→ **DIRECTIONS FOR THIS TASK**: There is one span to output from the data below: the lines starting at the line with "Azuma Hideo Sakuhin" and ending at the line with "Vue intérieure Jeanneau". Output it exactly, ends included, nothing more.

→ **INPUT FOR THIS TASK**:

....................

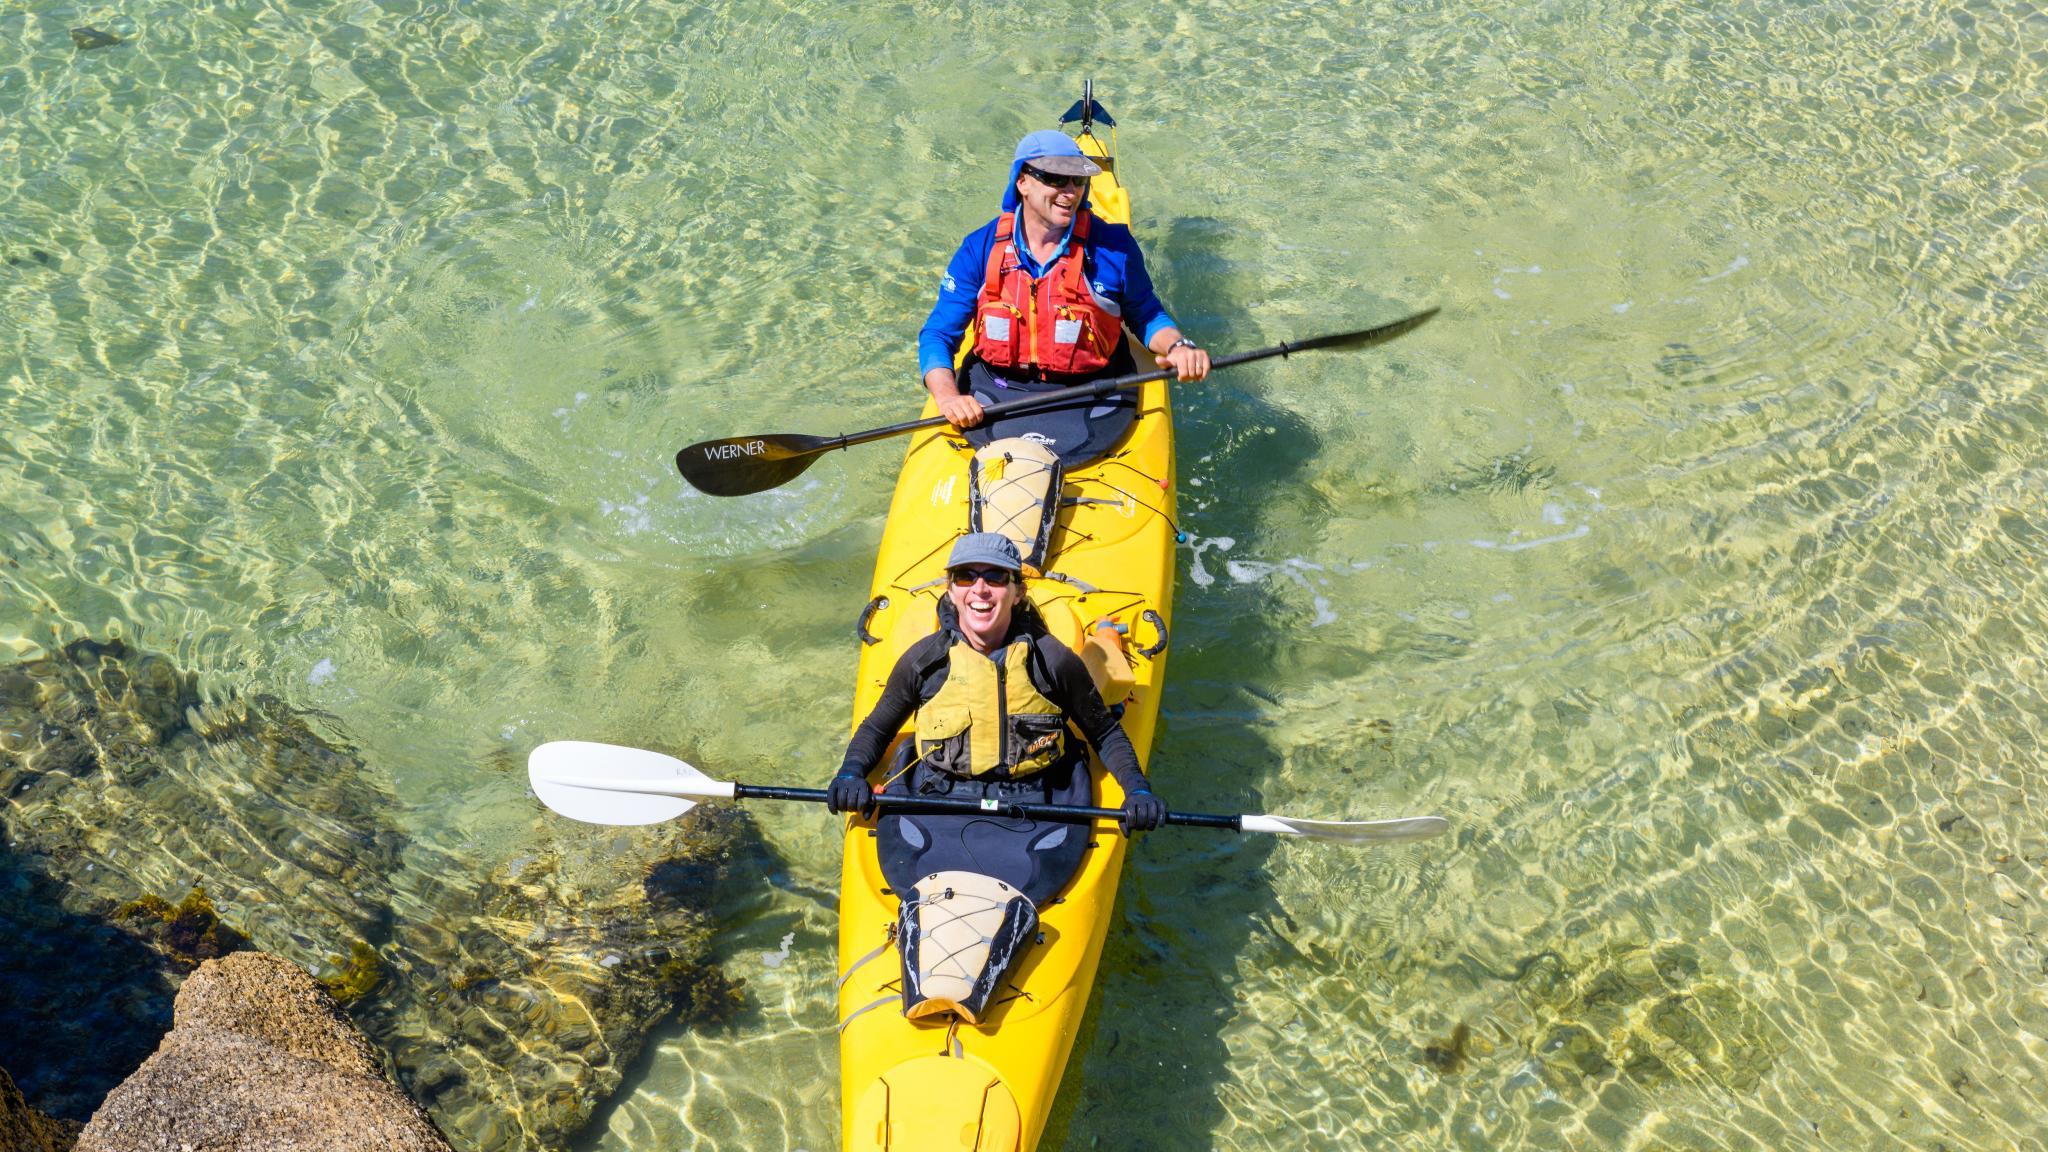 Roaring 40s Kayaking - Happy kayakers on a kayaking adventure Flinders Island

....................

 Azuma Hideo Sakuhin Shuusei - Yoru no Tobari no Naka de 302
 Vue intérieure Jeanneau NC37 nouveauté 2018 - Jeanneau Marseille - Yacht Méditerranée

....................

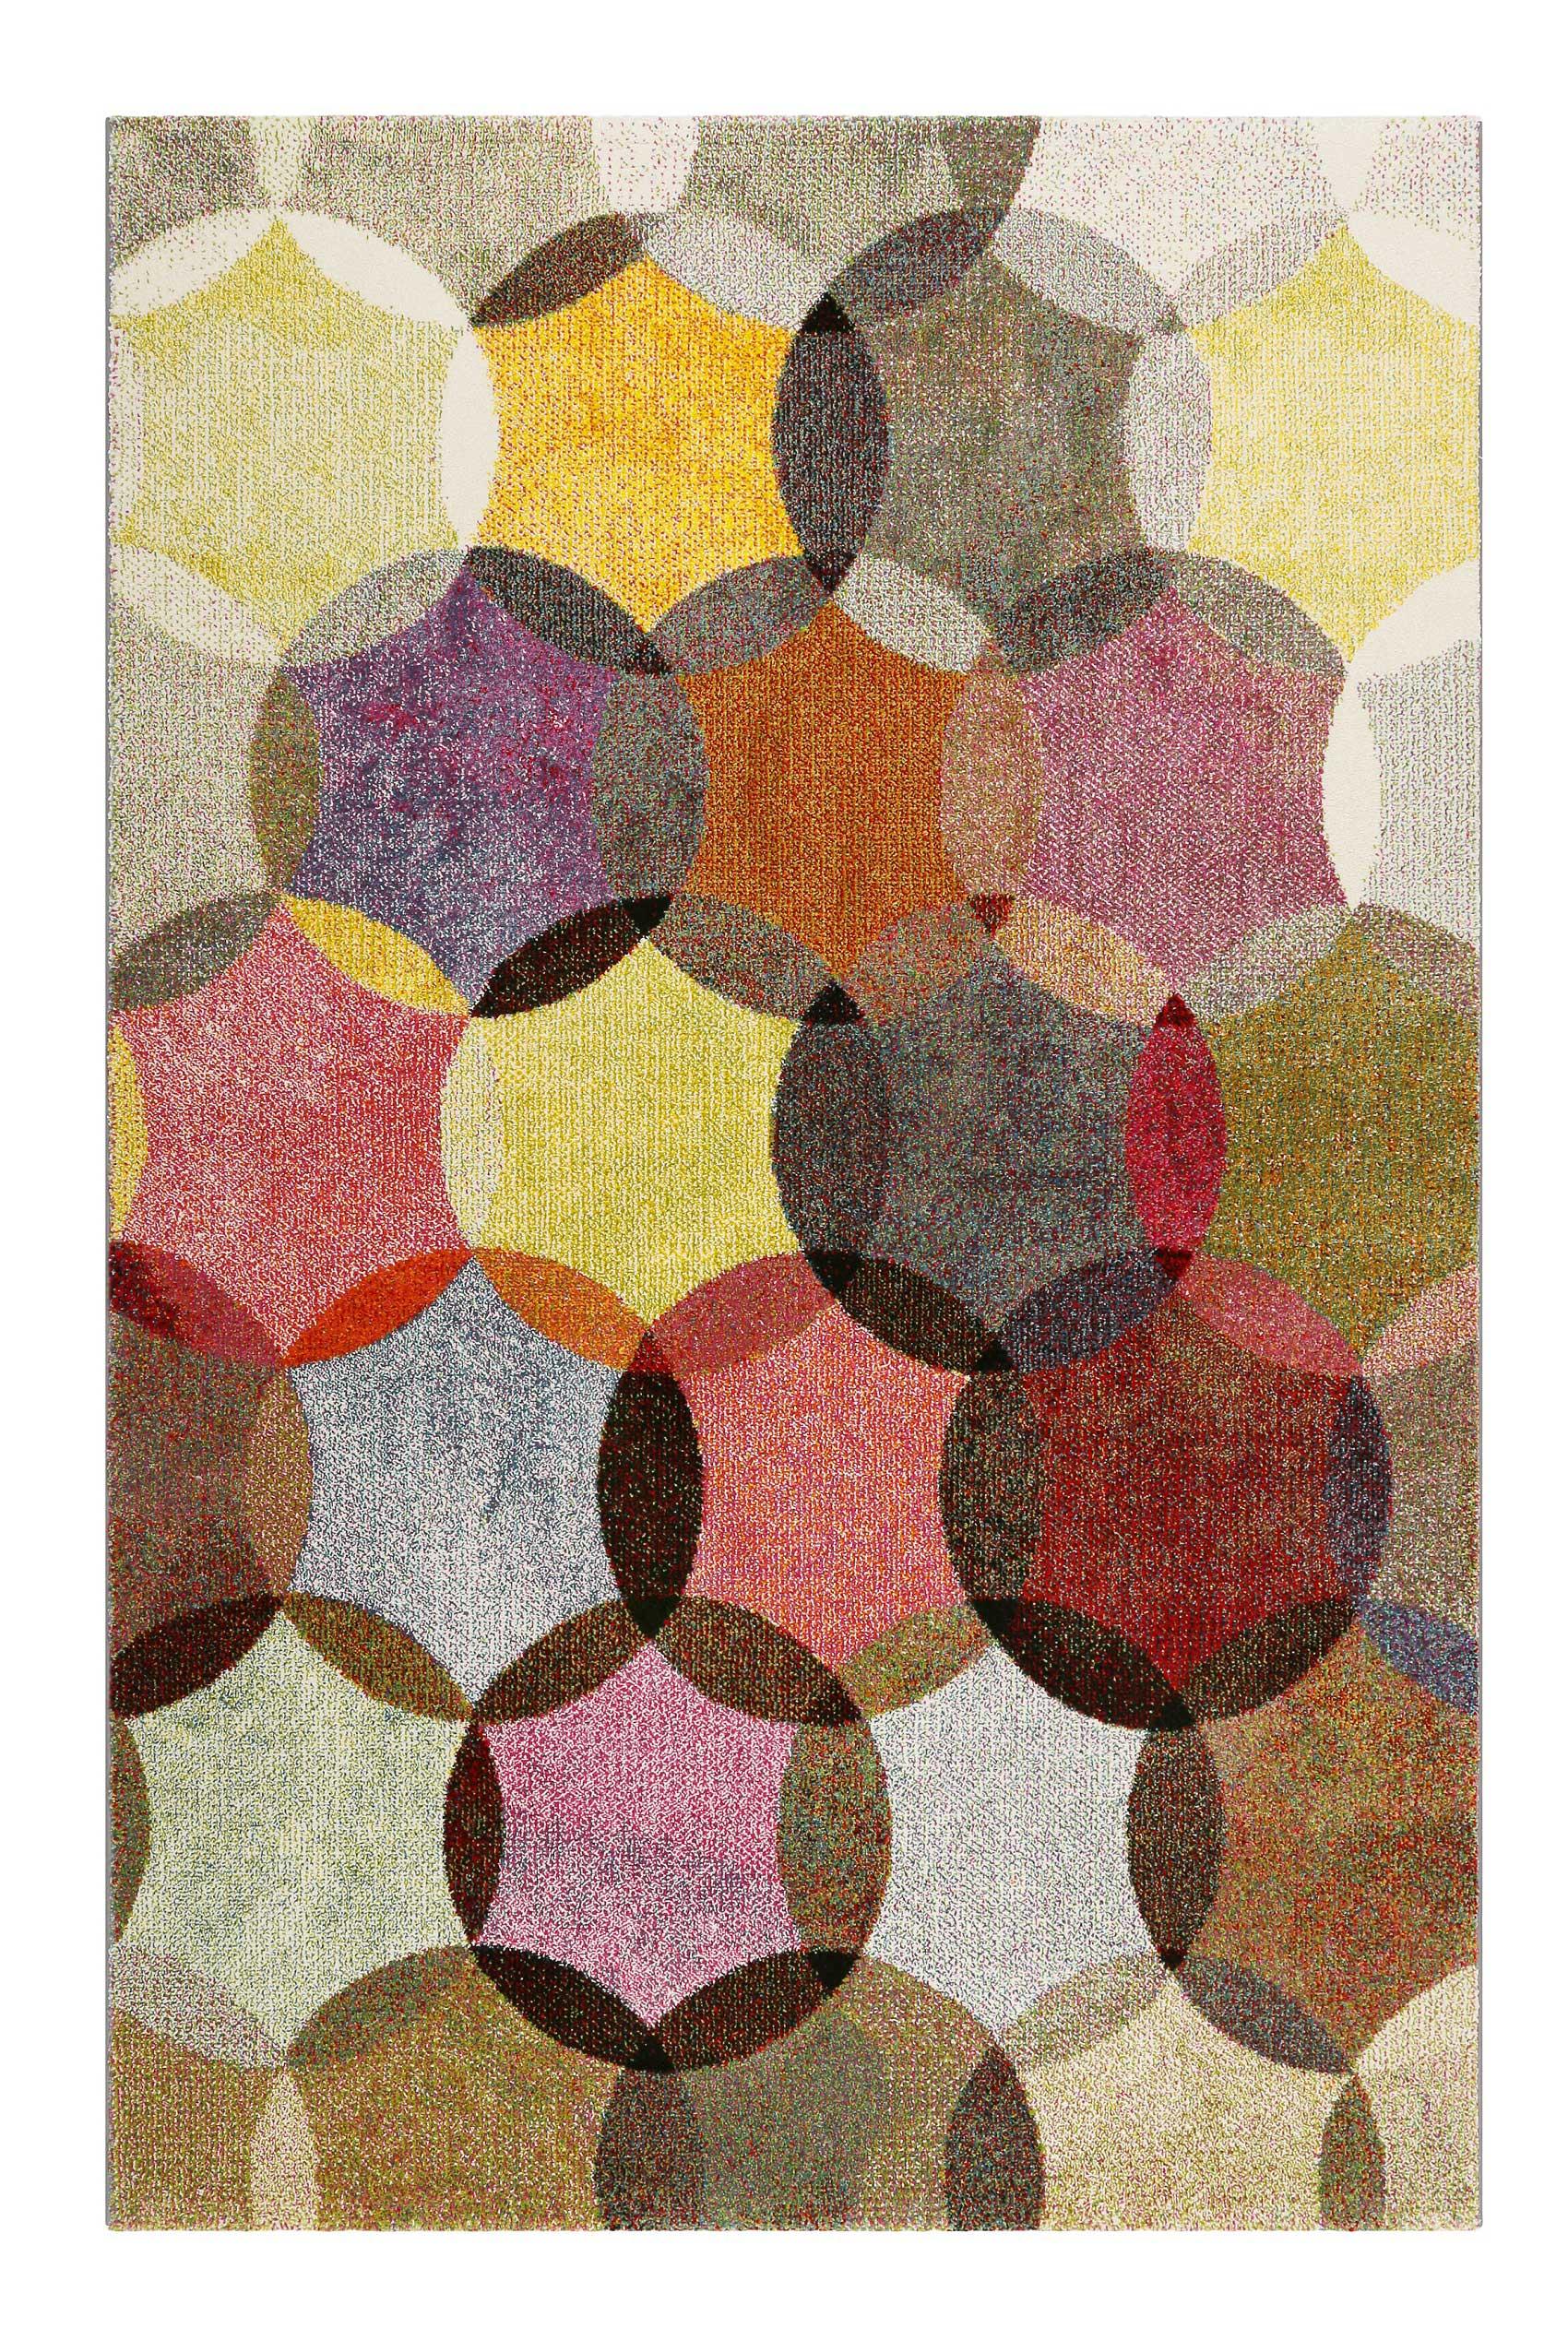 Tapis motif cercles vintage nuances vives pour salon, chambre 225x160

....................

→ **REPLY TO THE EXERCISE**:
 Azuma Hideo Sakuhin Shuusei - Yoru no Tobari no Naka de 302
 Vue intérieure Jeanneau NC37 nouveauté 2018 - Jeanneau Marseille - Yacht Méditerranée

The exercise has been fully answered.